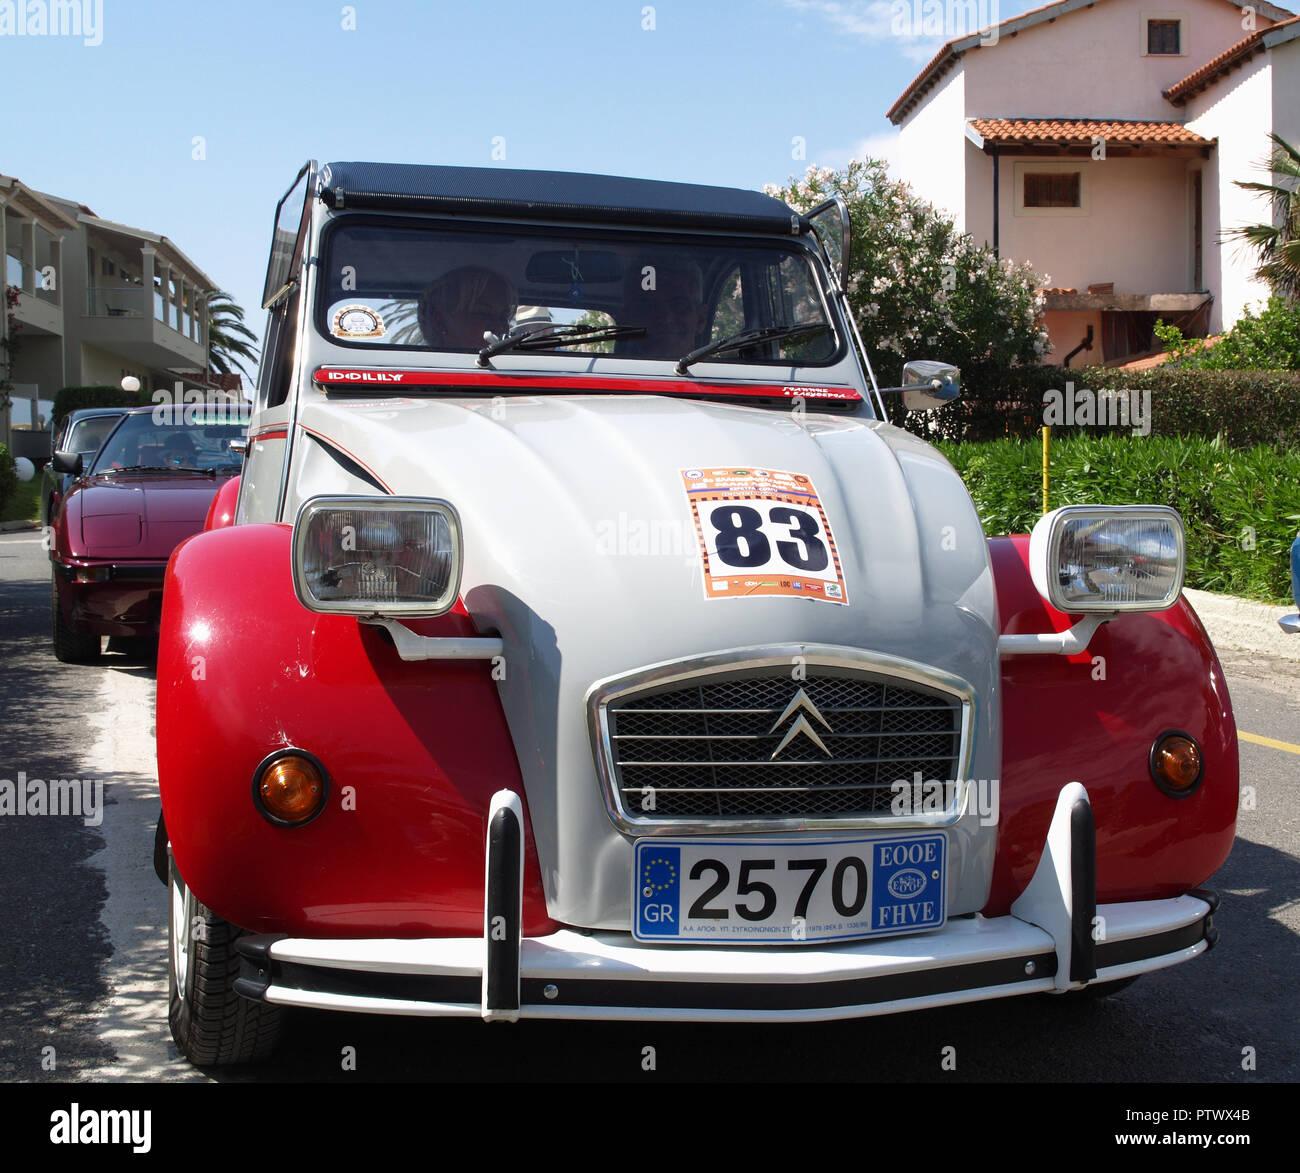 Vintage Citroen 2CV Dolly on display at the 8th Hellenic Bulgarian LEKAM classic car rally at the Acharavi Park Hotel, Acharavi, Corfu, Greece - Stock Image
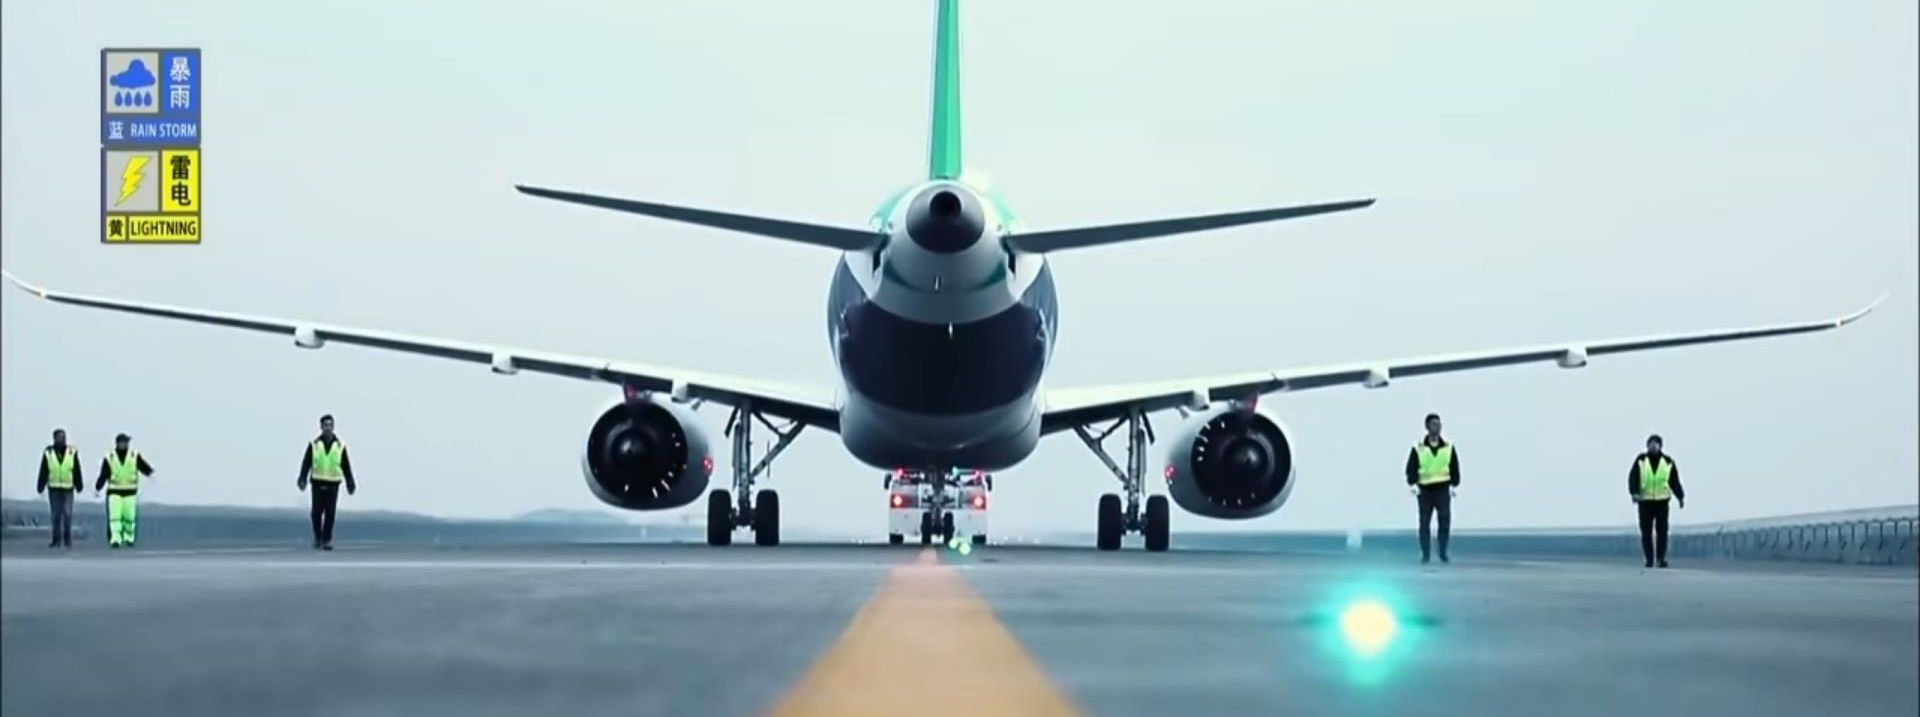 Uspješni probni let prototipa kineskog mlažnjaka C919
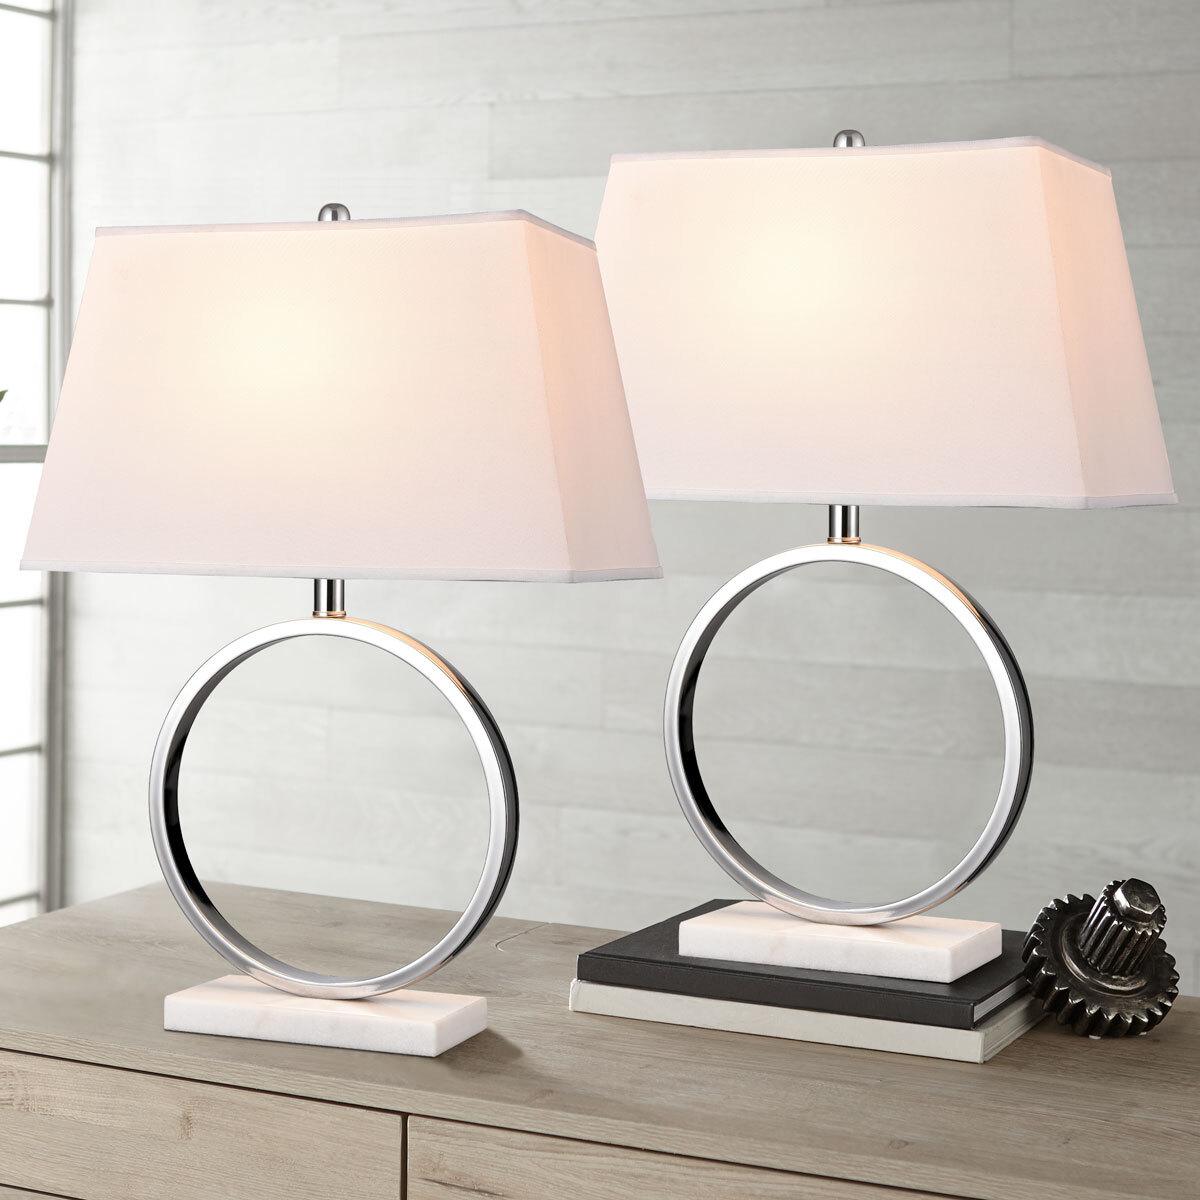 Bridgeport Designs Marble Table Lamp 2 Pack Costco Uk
...
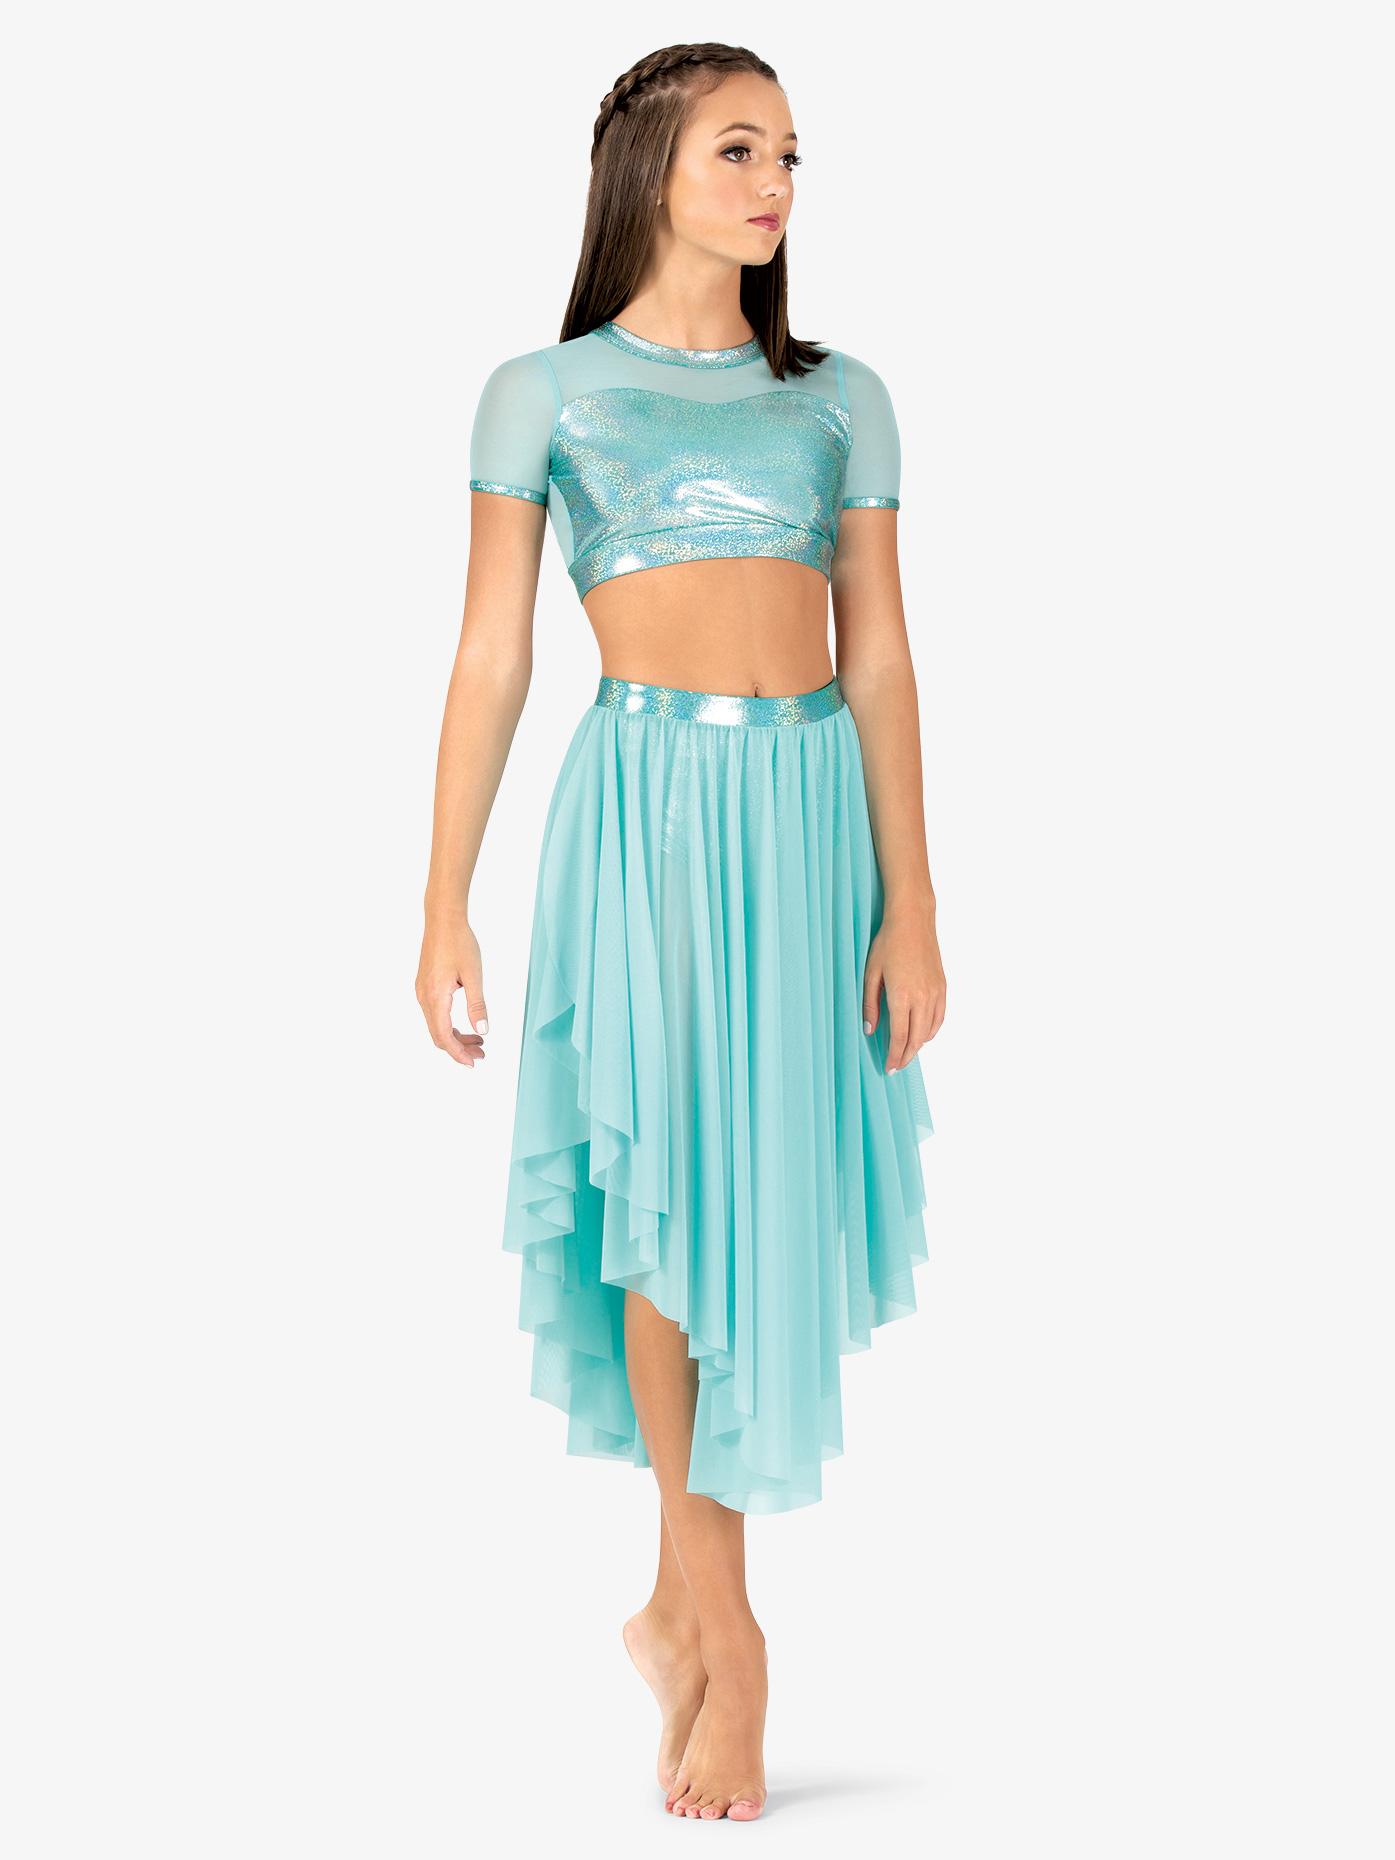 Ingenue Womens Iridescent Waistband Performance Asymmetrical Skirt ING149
==
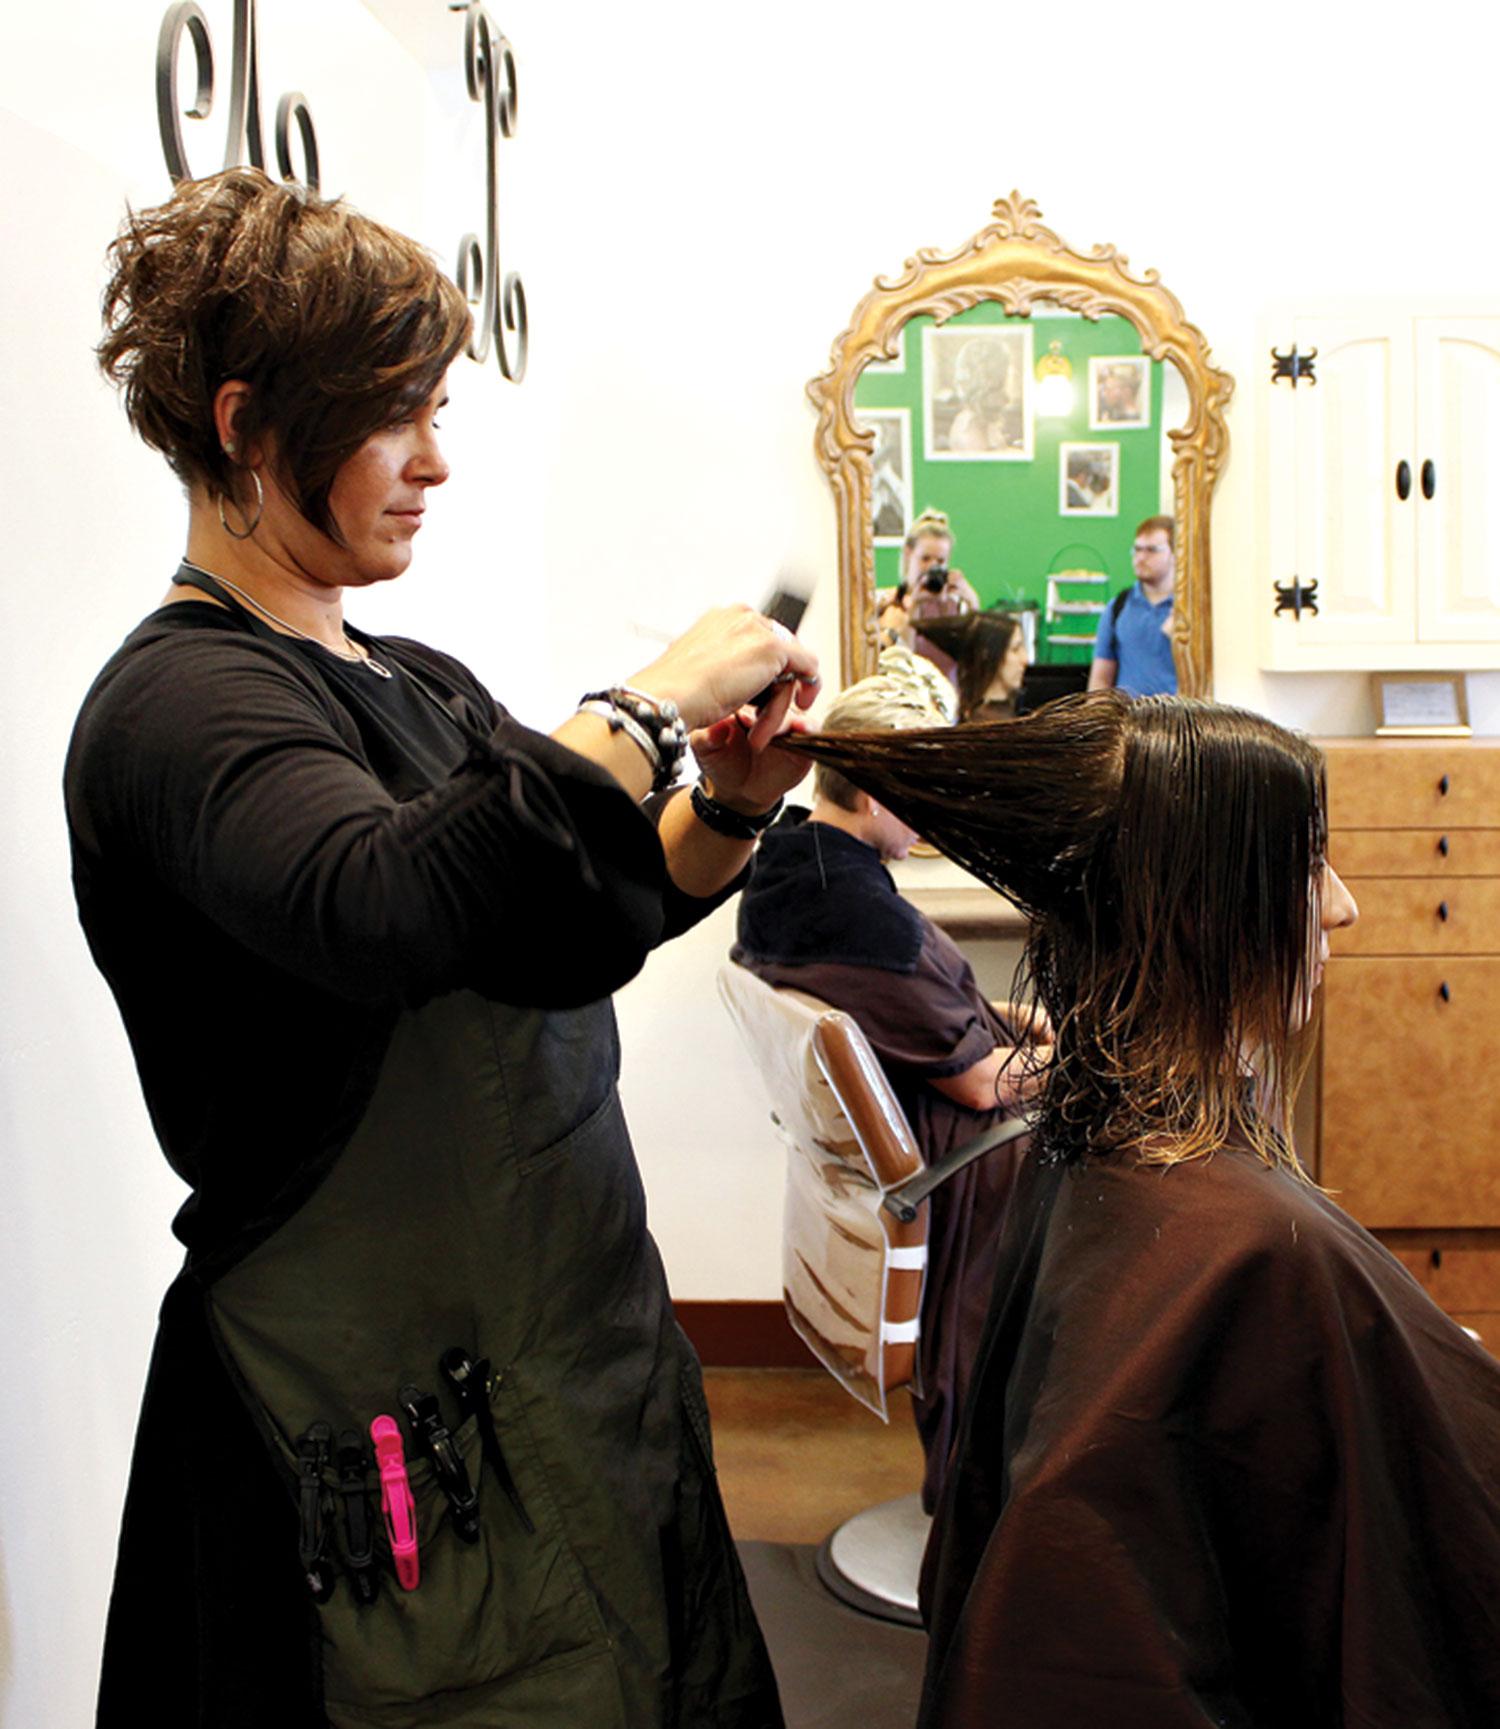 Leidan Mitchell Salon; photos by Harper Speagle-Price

* Prompt *
Using the data above, which lines fall from the one with "Vintage Citroen 2CV" through the one with "Bridgeport Designs Marble"? Repeat them exactly, ends included, minus any pictures.

* Answer box *
 Vintage Citroen 2CV Dolly on display at the 8th Hellenic Bulgarian LEKAM classic car rally at the Acharavi Park Hotel, Acharavi, Corfu, Greece - Stock Image
 Uspješni probni let prototipa kineskog mlažnjaka C919
 Bridgeport Designs Marble Table Lamp 2 Pack Costco Uk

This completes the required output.